# ISO help w/Cool Whip's sustainability on the table



## legend_018 (Mar 14, 2013)

Hi everyone. If I wanted to say put a cool whip (or something similar?) on a pie, would it stay together or would it eventually melt down.  I need to have the pie out for a good hour to an  hour and a half before serving it.

Thanks : )


----------



## Andy M. (Mar 14, 2013)

Please don't use Cool Whip.

Real whipped cream will do the trick:
​ *Whipped Cream*​ 
   2 C            Heavy Cream
1 Tb            Vanilla Extract
  ¼ C            Confectioners Sugar

   Chill a stainless steel bowl and the beaters (or whisk) in the freezer prior to use.

  Add the cream and vanilla to the bowl and whip at high speed until soft peaks form.

  Add the sugar and continue to whip until stiff peaks are obtained.


----------



## legend_018 (Mar 14, 2013)

Thanks!


----------



## jkath (Mar 14, 2013)

Another thought - if you don't want the whip deflating, whipped coconut milk will not lose it's integrity, even overnight in the fridge. Plus, it's really rich and creamy, and you can add as much or as little sugar as you'd like. Whip It Good! Coconut Cream, That Is… | sockmonkeyskitchen


----------



## Aunt Bea (Mar 14, 2013)

I would be concerned about whipped cream holding up for that long without some type of stabilizer.

An old German pastry chef in our city used to mix equal parts of whipped cream and Rich Whip together because he felt it gave the taste of the fresh whipped cream along with a certain amount of stability.  Rich Whip is a Cool Whip like product.

If this is for an important event in your life I would try an experiment.   A tub of Cool Whip vs a 1/2 pint of whipped cream and then a combination of the two.  The test won't cost more than three bucks and it will give you some peace of mind.

I guess I am sort of a coward!


----------



## Andy M. (Mar 14, 2013)

Aunt Bea said:


> I would be concerned about whipped cream holding up for that long without some type of stabilizer.
> 
> An old German pastry chef in our city used to mix equal parts of whipped cream and Rich Whip together because he felt it gave the taste of the fresh whipped cream along with a certain amount of stability.  Rich Whip is a Cool Whip like product.
> 
> ...



Aunt Bea, SO uses this recipe with cocoa powder added as a frosting for a chocolate cake.  It holds up quite well.  I've used it as written above and it holds up well as a dessert topping for quite some time.
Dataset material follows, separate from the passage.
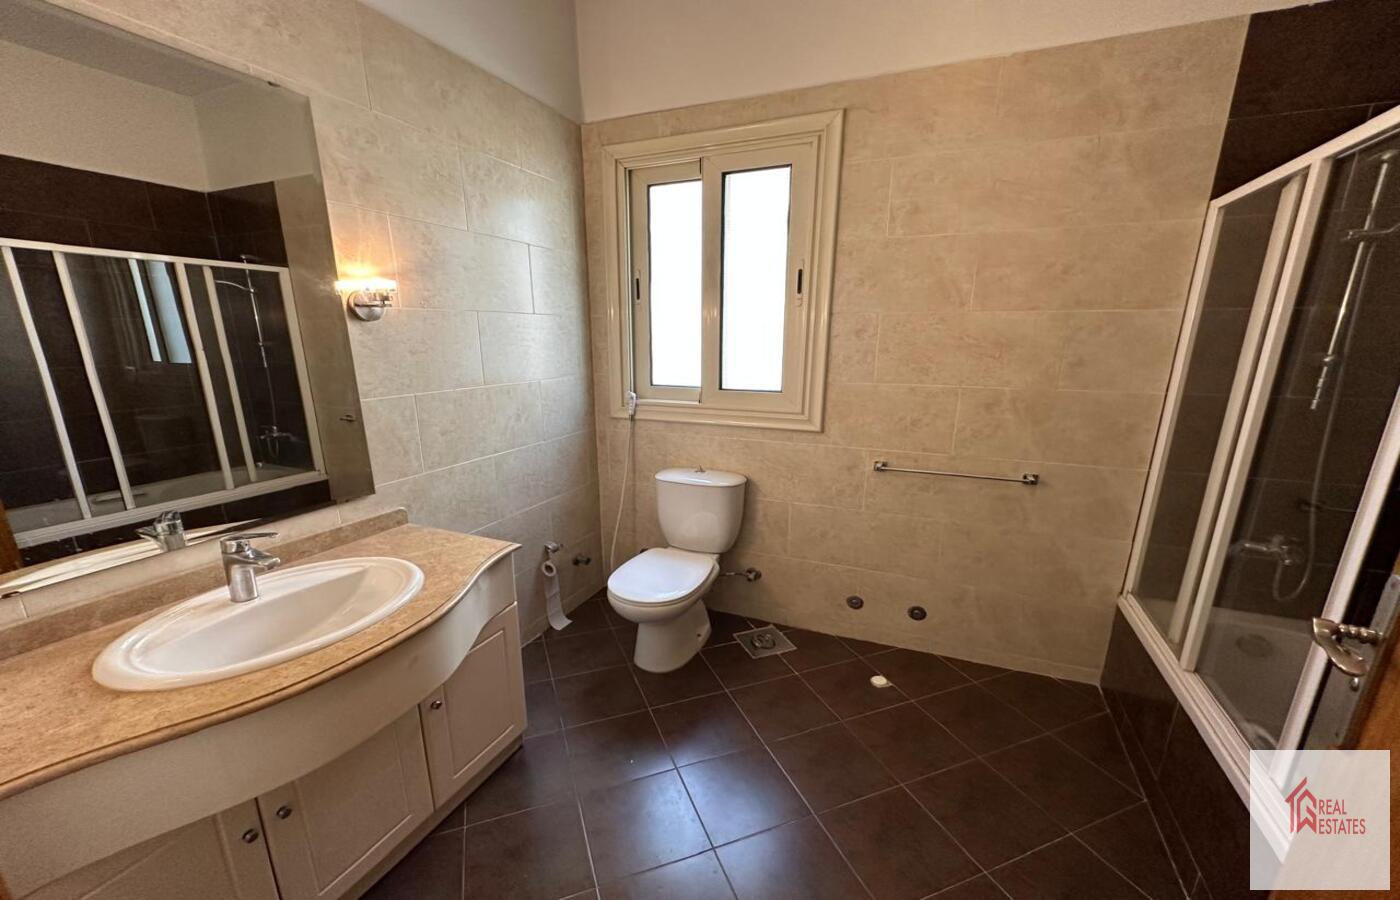 الشقة الثانية الطابق الأول 3 غرف نوم حمامين غرفة غسيل غرفة معيشة كبيرة مع مطبخ مفتوح وحديقة كبيرة مع مسبح. الإيجار 4200 دولار أمريكي

I think the cornstarch in the confectioners sugar stabilizes the whipped cream.


----------



## Aunt Bea (Mar 14, 2013)

Andy M. said:


> Aunt Bea, SO uses this recipe with cocoa powder added as a frosting for a chocolate cake.  It holds up quite well.  I've used it as written above and it holds up well as a dessert topping for quite some time.
> 
> I think the cornstarch in the confectioners sugar stabilizes the whipped cream.



The cornstarch may be the key, I normally use granulated sugar.

I'm still a coward!


----------



## Andy M. (Mar 14, 2013)

Aunt Bea said:


> The cornstarch may be the key, I normally use granulated sugar.
> 
> I'm still a coward!




Sounds like a good reason to do a test dessert.  For scientific purposes only, of course.


----------



## Aunt Bea (Mar 14, 2013)

Andy M. said:


> Sounds like a good reason to do a test dessert.  For scientific purposes only, of course.



absolutely!


----------